Sidi Larbi Cherkaoui: Milonga -
Joan Sutherland Theatre, Sydney Opera House, 13 June -
Milonga, a new work by acclaimed Flemish/Moroccan choreographer Sidi Larbi Cherkaoui, explores the world of tango with ten professional tango dancers from Argentina, two contemporary dancers and five live musicians. On paper, it sounds like it ought to be deep, rich and evocative. Sadly it is not. This production is an episodic mish-mash puttied together by theatrical device.
So why doesn’t it work? For this production Cherkaoui brought together a creative team consisting of three composers, a sound designer, a tango consultant, a costume designer and a set and video designer. But it does not feel as though the team were led in one direction. Rather, ideas from each quarter were incorporated rightly or wrongly and then patched together. And although Cherkaoui claims to seek to investigate the clichés of a form and then present them afresh, I was not enlightened about tango in new way.
Choreographically he serves us a duo-after-duo of tango exposition, as one couple after another take centre stage. Their legs lick the floor and each other’s groins – flick, kick, switch and stretch. Intricate and interesting, yes, but Cherkaoui takes these tangos no further. The high points are an absolutely electric trio danced by three men and the finale, where he allows arms to echo leg work with delicate, intricate conversations of touch, more stylistically his own. The contemporary dancers play the role of “outsiders” in the milonga scene; they don’t quite fit and the choreography is rather ordinary. Although the tango dancers are good, their presence and projection did not stretch to my seat in row T in the stalls. Perhaps the Joan Sutherland Theatre was too large a venue for the intimate tango form.
Like the dance, the music is episodic. One piece after another begins, climaxes and ends with little variety in sound and no helpful transitions to give the audience a sense of where it is all going and why.
Visually, the opening film sets the tango scene and builds audience anticipation with a taste of the timeless stories of milongas, dancing bodies and movements held within. But in the end, the overall staging is all noise behind a structure lacking in intention. The stage is filled with set pieces of paper cut-out dancers animated by light and chairs that are moved to create new spaces. Behind this projections of the dancers appear from time to time as do large film backdrops of the streets of Argentina whizzing by.
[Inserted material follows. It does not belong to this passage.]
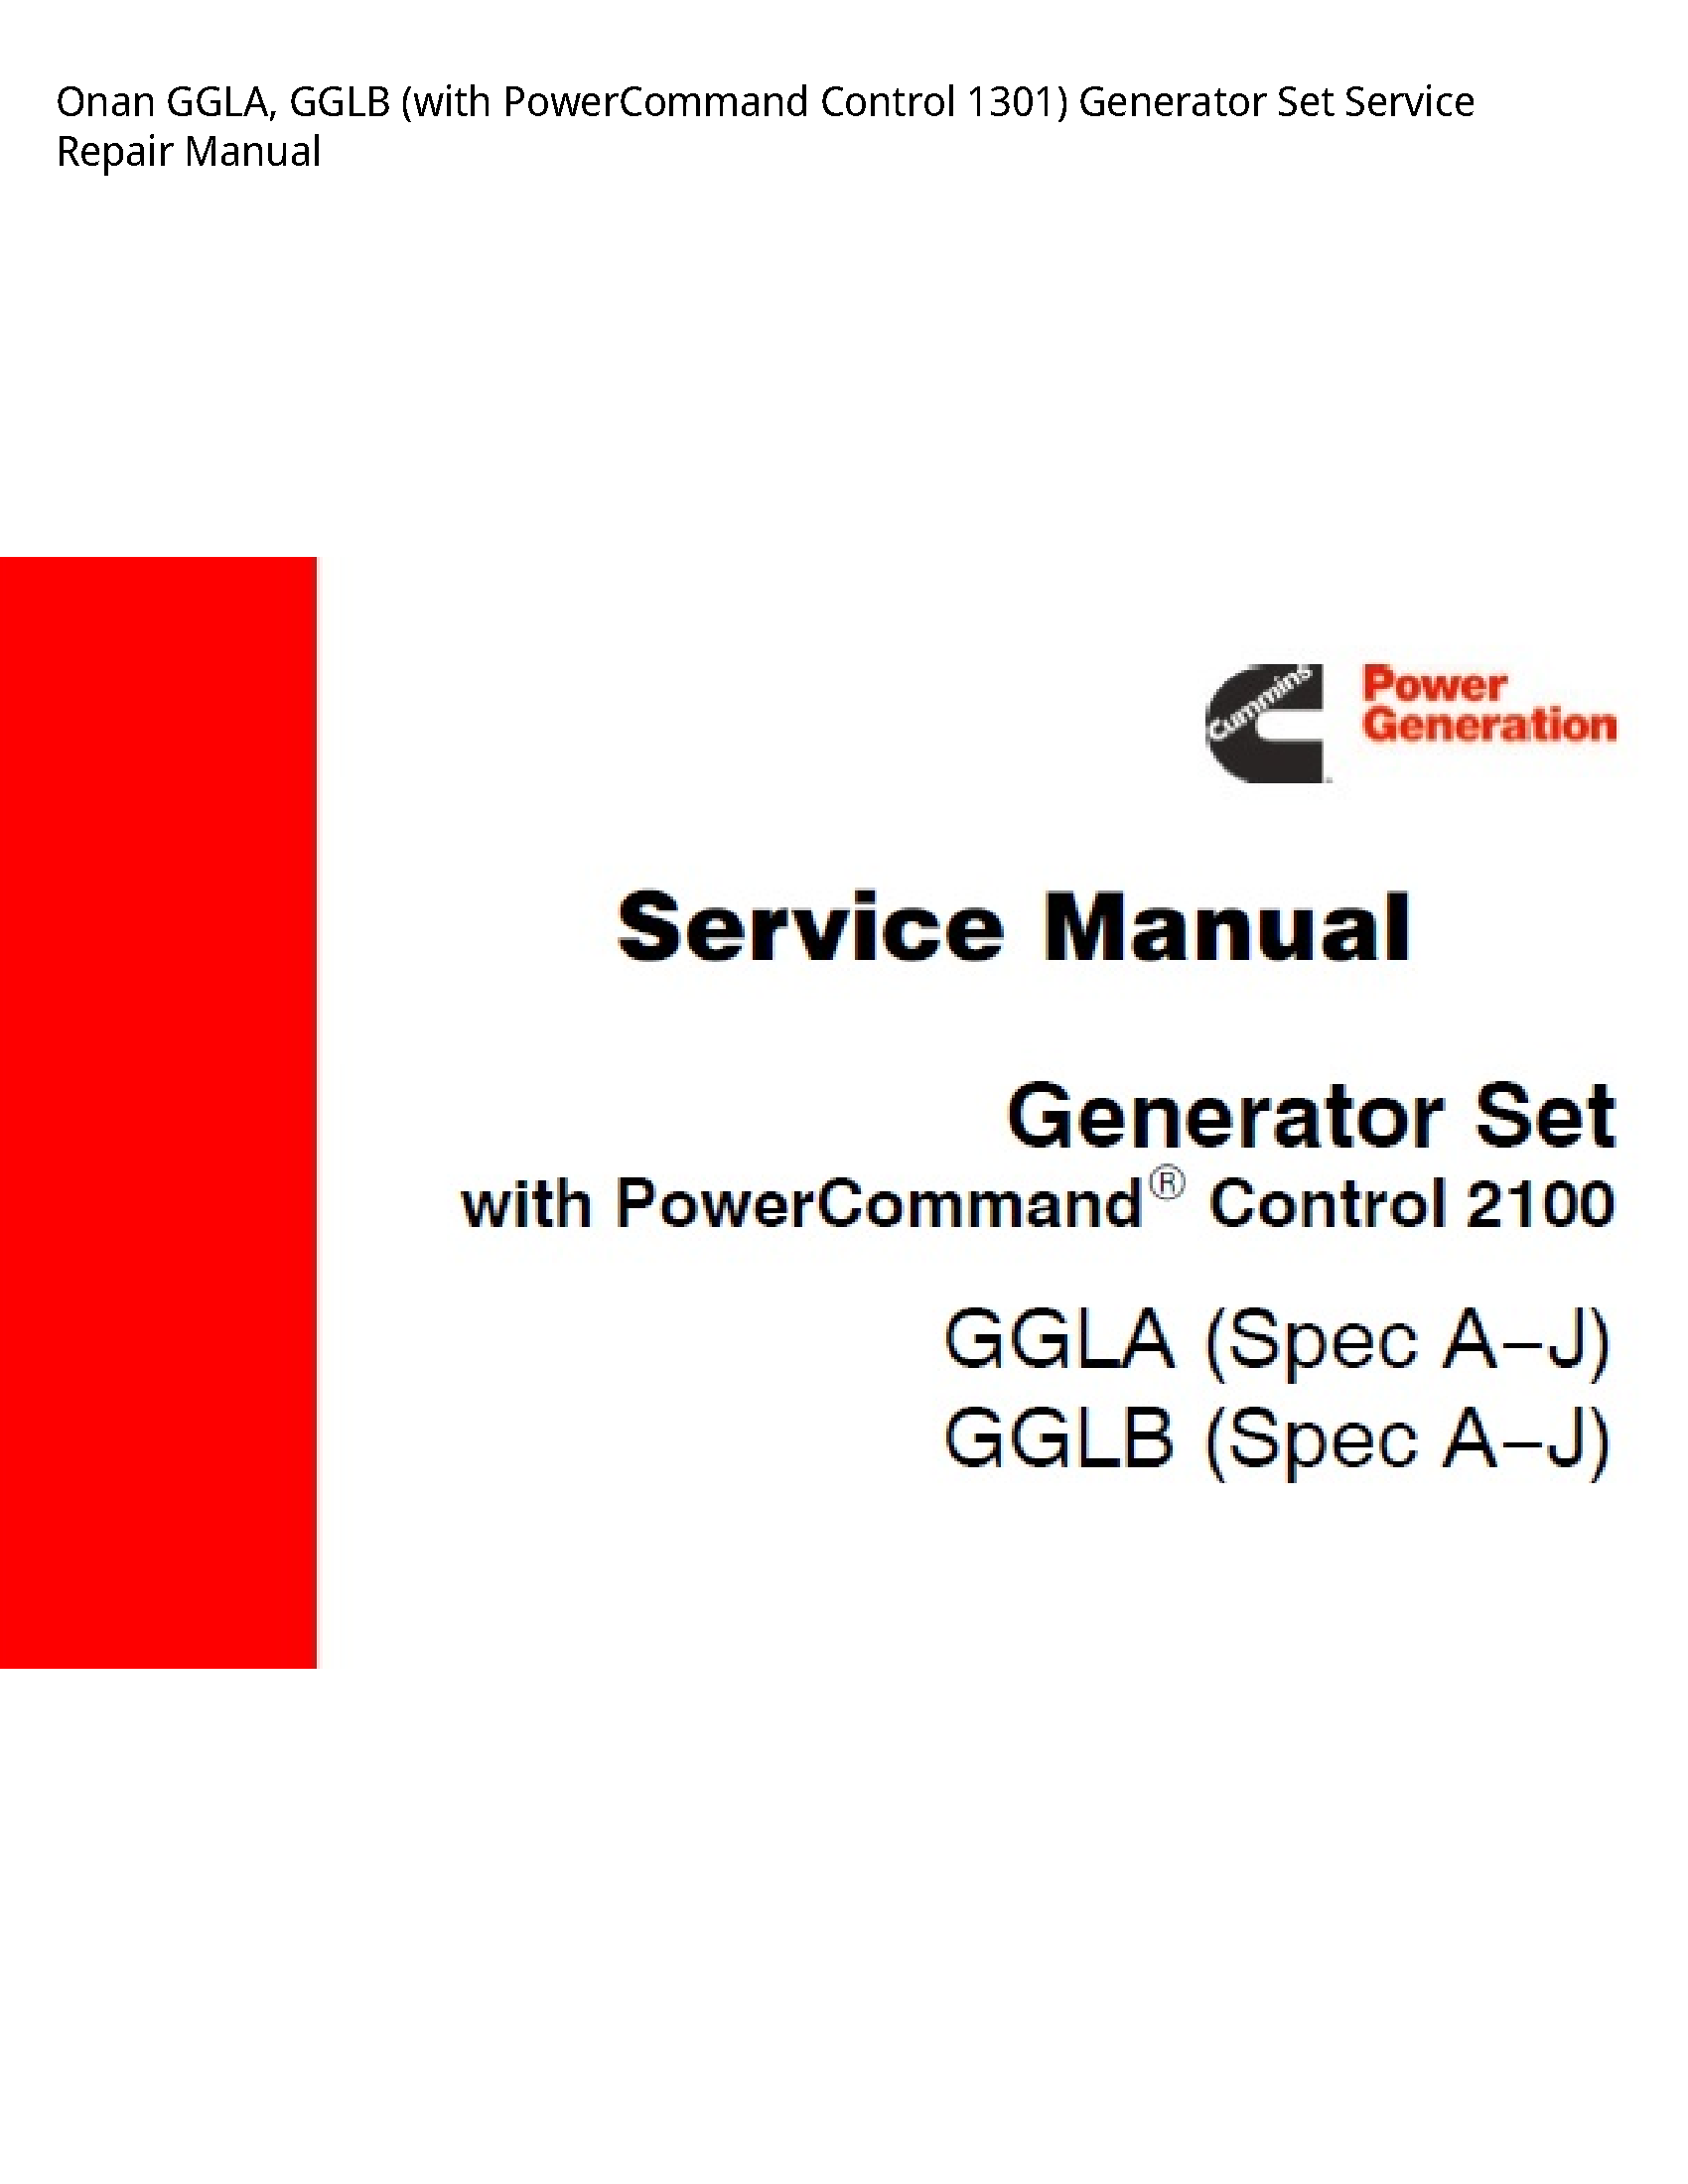 Onan 1301) GGLA manual

It is not surprising that tango attracted Cherkaoui. He has always been inspired by different cultural traditions from his first works such as Tempus Fugit with Les Ballets C de la B which draws upon each dancer’s unique cultural background to Sutra for which he collaborated with seventeen Buddhist monks from the Shaolin temple in China. Knowing these works, and having seen two moments of such beauty and originality in the new work’s high points, it seems to me that Milonga in its present form is underdeveloped; it has the potential to go so much further – indeed beyond the clichés.